**Exercise goal:** Exact copy, pictures excluded: write out every line below.

**Input data:**

______

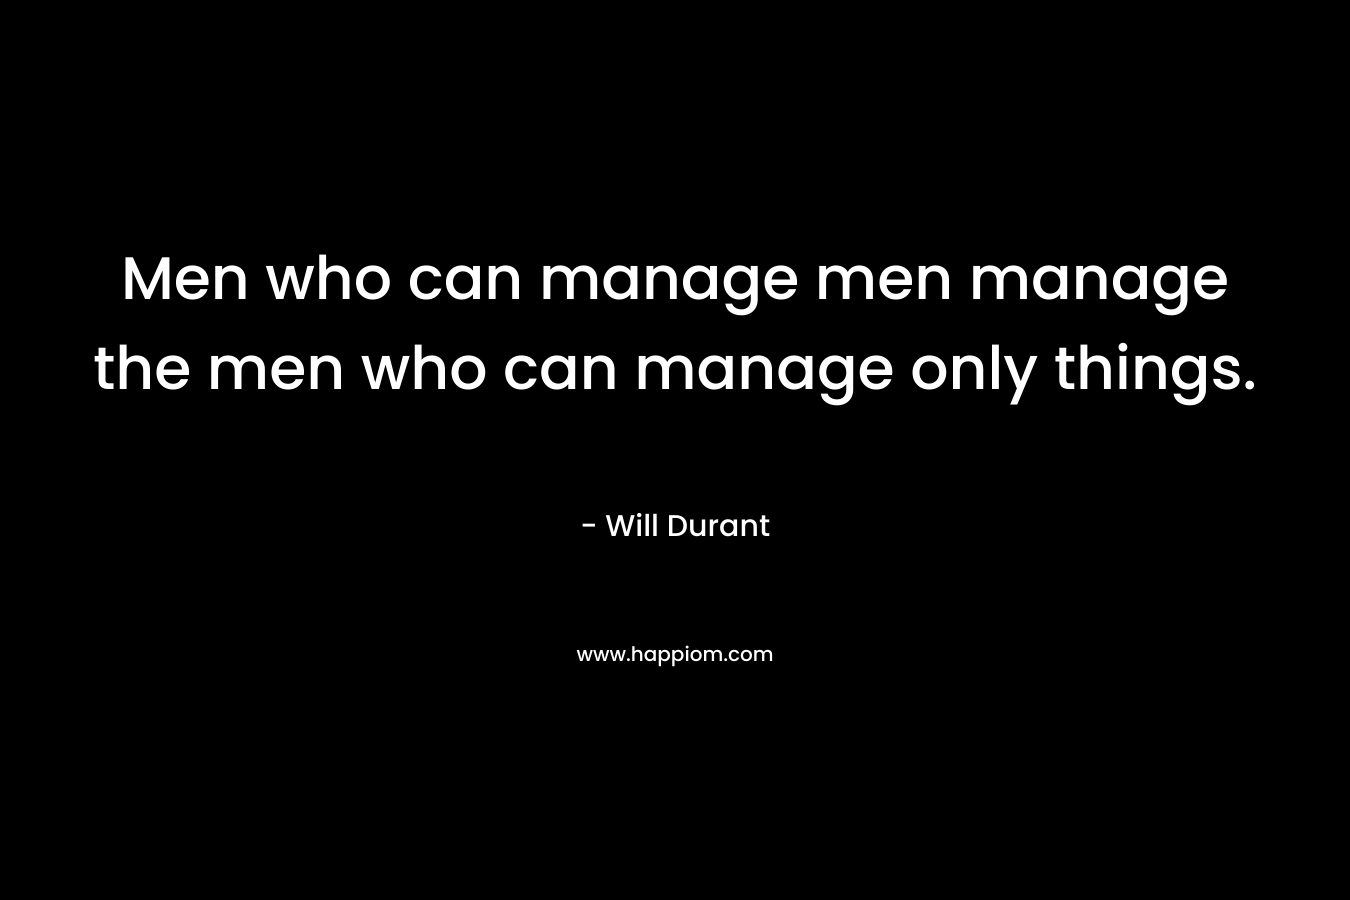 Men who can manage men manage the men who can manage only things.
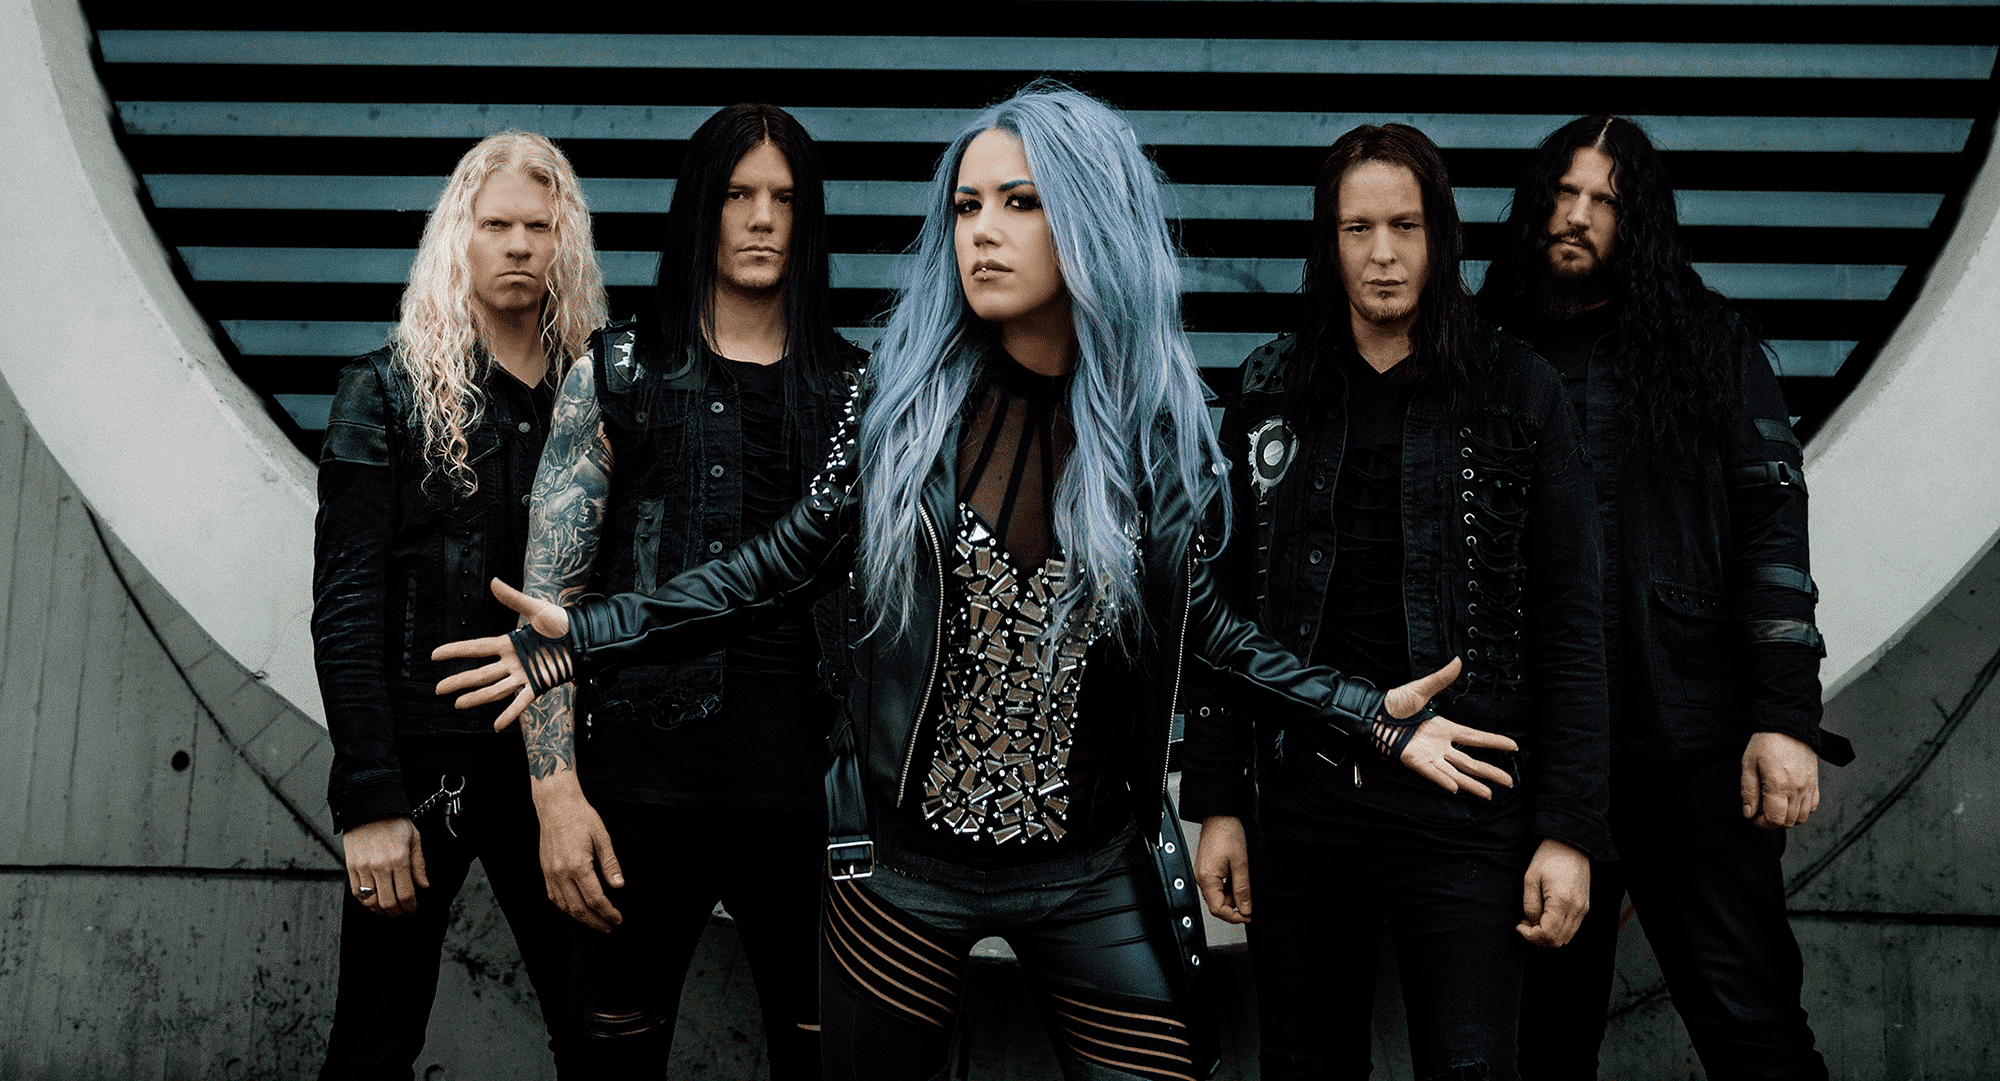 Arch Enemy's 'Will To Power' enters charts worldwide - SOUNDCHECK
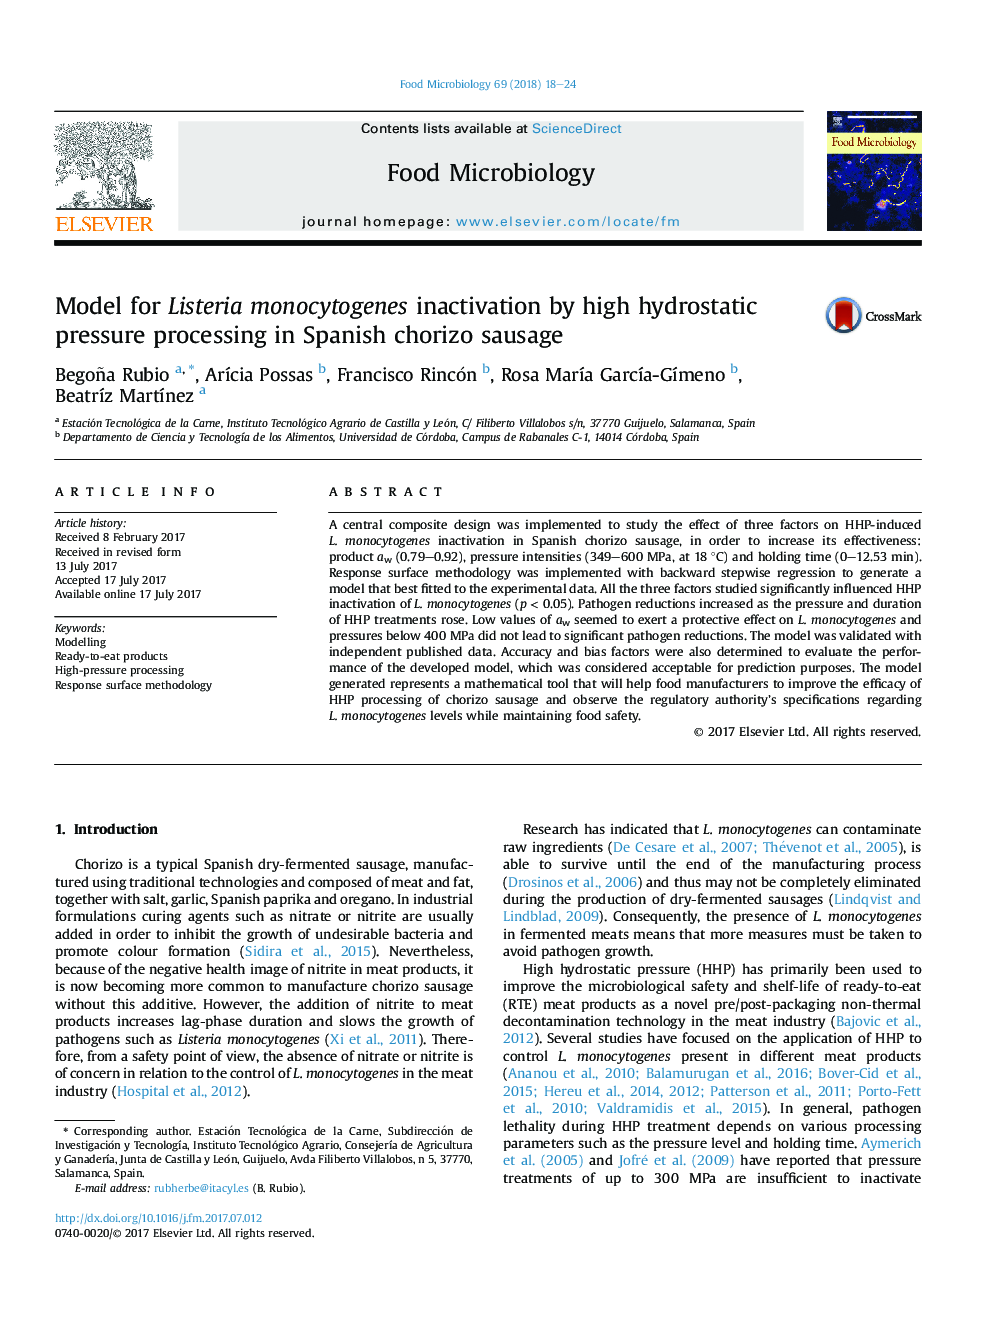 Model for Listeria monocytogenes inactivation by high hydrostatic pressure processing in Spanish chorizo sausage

______

**Solution to this exercise:**
 Men who can manage men manage the men who can manage only things.
 Arch Enemy's 'Will To Power' enters charts worldwide - SOUNDCHECK
 Model for Listeria monocytogenes inactivation by high hydrostatic pressure processing in Spanish chorizo sausage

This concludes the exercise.